US 30-Year Mortgage Rate Drops to 6.65%, Ending Two-Week Rise
This week saw a minor decrease in the typical interest rate for a 30-year mortgage across the U.S., which is good news for those looking to buy homes during the season when the real estate market usually peaks.
The rate dropped to 6.65% from 6.67% the previous week, according to mortgage buyer Freddie Mac on Thursday. Compared to this time last year when the rate was averaging 6.79%, there has been a slight decrease.
This marks the first decrease in the average rate following two consecutive increases. Since mid-January, when rates peaked at slightly above 7%, the average rate has been trending downward, providing some respite for potential buyers finding it difficult to purchase homes amid persistently high costs.
The borrowing expenses for 15-year fixed-rate mortgages, commonly chosen by homeowners looking to refinance their home loans, increased this week. This rise pushed the average interest rate up to 5.89% from 5.83% recorded the previous week. According to Freddie Mac, a year earlier, the average rate was 6.11%.
Mortgage rates can be affected by several elements such as bond market investors' predictions of upcoming inflation, international demand for U.S. Treasuries, and the monetary policies set by the Federal Reserve regarding interest rates.
This year’s decrease in the typical interest rate for a 30-year mortgage generally aligns with shifts in the 10-year Treasury yield, which financial institutions reference when setting prices for housing loans.

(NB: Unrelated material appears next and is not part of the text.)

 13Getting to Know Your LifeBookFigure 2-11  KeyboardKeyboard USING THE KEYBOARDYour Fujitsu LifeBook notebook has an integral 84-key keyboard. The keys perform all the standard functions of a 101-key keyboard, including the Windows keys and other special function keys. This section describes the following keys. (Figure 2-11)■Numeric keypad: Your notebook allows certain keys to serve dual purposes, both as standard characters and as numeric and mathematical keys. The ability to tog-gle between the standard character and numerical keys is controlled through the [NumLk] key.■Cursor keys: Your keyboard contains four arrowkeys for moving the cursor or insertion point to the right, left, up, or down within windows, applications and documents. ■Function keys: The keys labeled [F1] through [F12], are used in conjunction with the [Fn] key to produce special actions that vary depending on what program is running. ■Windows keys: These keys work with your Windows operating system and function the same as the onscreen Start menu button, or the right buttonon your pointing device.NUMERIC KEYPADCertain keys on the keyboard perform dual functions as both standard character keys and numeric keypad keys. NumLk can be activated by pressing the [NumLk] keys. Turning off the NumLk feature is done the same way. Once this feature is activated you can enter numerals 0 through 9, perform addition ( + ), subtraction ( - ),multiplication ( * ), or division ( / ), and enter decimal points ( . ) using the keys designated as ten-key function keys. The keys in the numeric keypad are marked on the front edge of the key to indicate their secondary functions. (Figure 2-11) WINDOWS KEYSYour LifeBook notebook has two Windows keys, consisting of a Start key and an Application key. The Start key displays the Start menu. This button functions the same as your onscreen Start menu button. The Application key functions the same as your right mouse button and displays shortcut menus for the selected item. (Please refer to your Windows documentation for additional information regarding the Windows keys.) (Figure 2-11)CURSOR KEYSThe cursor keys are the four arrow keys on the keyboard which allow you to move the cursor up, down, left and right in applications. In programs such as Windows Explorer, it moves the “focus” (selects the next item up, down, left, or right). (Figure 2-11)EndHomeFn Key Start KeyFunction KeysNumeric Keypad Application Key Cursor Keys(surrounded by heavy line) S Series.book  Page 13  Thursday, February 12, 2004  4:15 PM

The yield, which had approached 4.8% in mid-January, has generally declined since then, mirroring increasing apprehension regarding the Trump administration’s actions. rising taxes on goods brought in from elsewhere , where economists caution might push inflation up, causing harm economic growth The yield stood at 4.37% during the afternoon trade on Thursday.
As long as inflation stays high, bond investors ask for greater rewards, which means that an increase in inflation could lead to increased yields on the 10-year Treasury note, consequently raising mortgage rates.
At present, the economic instability is contributing to reduced mortgage rates, which is motivating potential home purchasers as the spring buying season intensifies.
A benchmark monitoring applications for mortgages to finance home purchases has increased for five consecutive weeks, climbing 1% from the prior week, as reported by the Mortgage Bankers Association. Compared to the same period last year, applications for home buying loans have surged by 7%.
"Potential homebuyers continue to reap benefits from recent stability in mortgage rates this spring, which is evident in the increase in purchase applications," noted Sam Khater, Freddie Mac’s chief economist.
The U.S. housing market experienced a downturn in sales starting in 2022 as mortgage rates increased from their low points during the pandemic period. The previous year saw a decline in the purchases of existing homes within the country. the lowest point in almost three decades .
Lowering mortgage rates and an increase in home listings across the country aided in boosting sales upward in February compared to the prior month even though their performance had declined compared to the previous year.
The latest information indicates potential growth in sales over the next few months. According to the National Association of Realtors' report released Thursday, a gauge tracking anticipated U.S. home purchases climbed by 2% in February compared to January but dropped by 3.6% when contrasted with figures from February last year.
Typically, there’s a delay of one or two months from the date a contract is signed until the transaction is officially closed, making pending home sales a key indicator for upcoming completed home sales.
"Even with the small rise each month, contracts for home sales are still significantly lower than typical historic figures," stated Lawrence Yun, who is NAR's chief economist.